Wayne Inman
Former Chief Of Police, Billings
I was a Portland, Oregon Police Bureau member for more than twenty-eight years. We didn’t call them “hate” crimes there. We had bias crimes, where the targets were the African American and homosexual communities. At first, there were a few incidents, then there were quite a few, and then we began to hear from [the offenders themselves] in terms of their philosophies of racial separatism and racial superiority.

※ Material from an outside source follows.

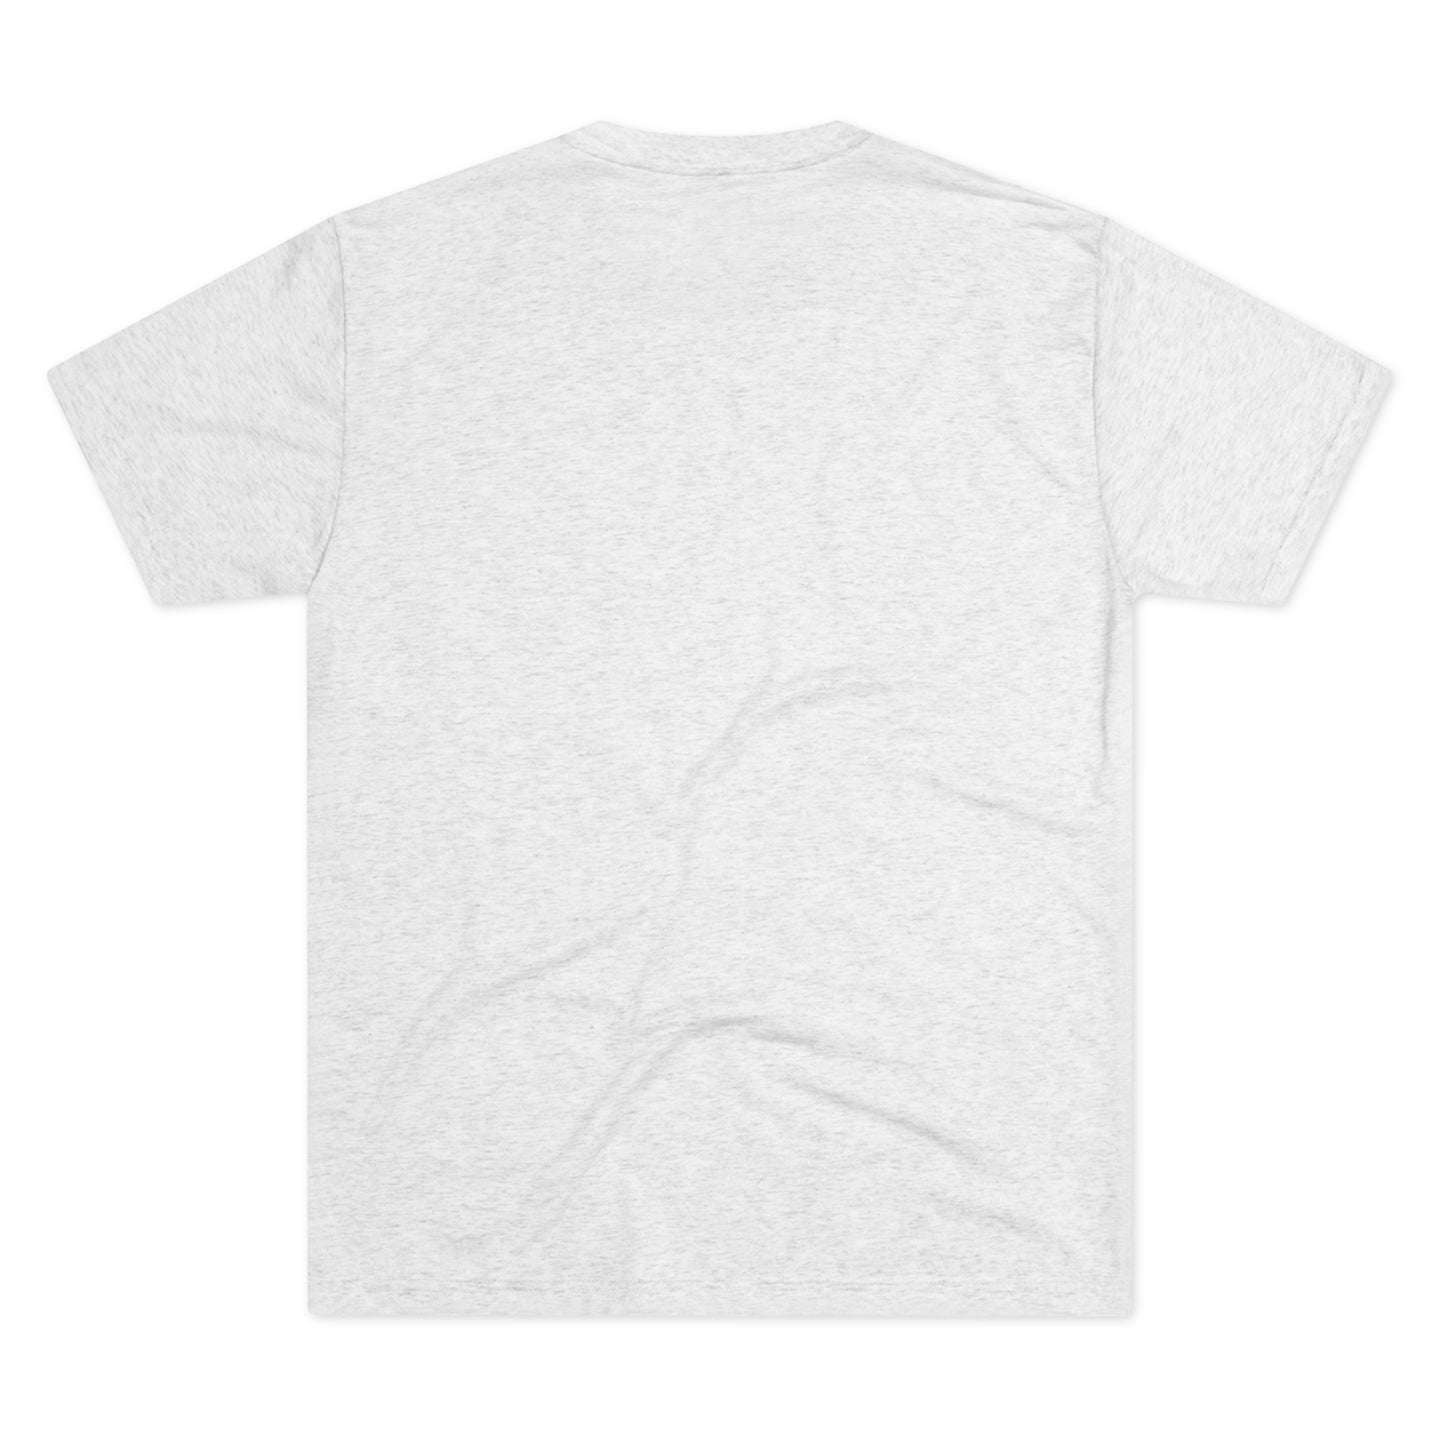 Baseball Bliss Tri-Blend Tee: Unbelievably Soft Comfort with a Stylish Edge - Perfect for Baseball Enthusiasts!

The number of incidents over a period of time grew to about fifty or seventy-five separate instances. We, as a police department, began to tell the mayor and the city council: “We have an emergent problem here, we have seen what has happened in Hayden Lake, Idaho, the headquarters of the Aryan Nation. We have seen what has happened in California. We don’t want that to happen here. This is a beautiful city by the river. We have to do something about this before we have a serious injury or death.”
I can remember quite vividly being in the mayor’s office and his angry response that this could never happen in his city, and that we were exaggerating. It wasn’t too long before the community began to pressure us for some kind of response to these crimes. But nothing much was done. Finally, three skinheads saw an Ethiopian college student come out of his apartment, and they circled the block and confronted him as he was about to get into his car. They jumped out with their baseball bats and they harassed and taunted him. They then used their bats and they killed him on the spot, for no other reason than his skin was black.
We then had a community in shock. How could this happen in the great city of Portland? So we said, “Folks, we have been telling you for at least three years that they are here, that they are going to kill someone, and that we need the community to rise against this hate activity and not regard it as just a police problem: We need to see that it’s a community problem.”
I was determined that that was not going to happen in Billings.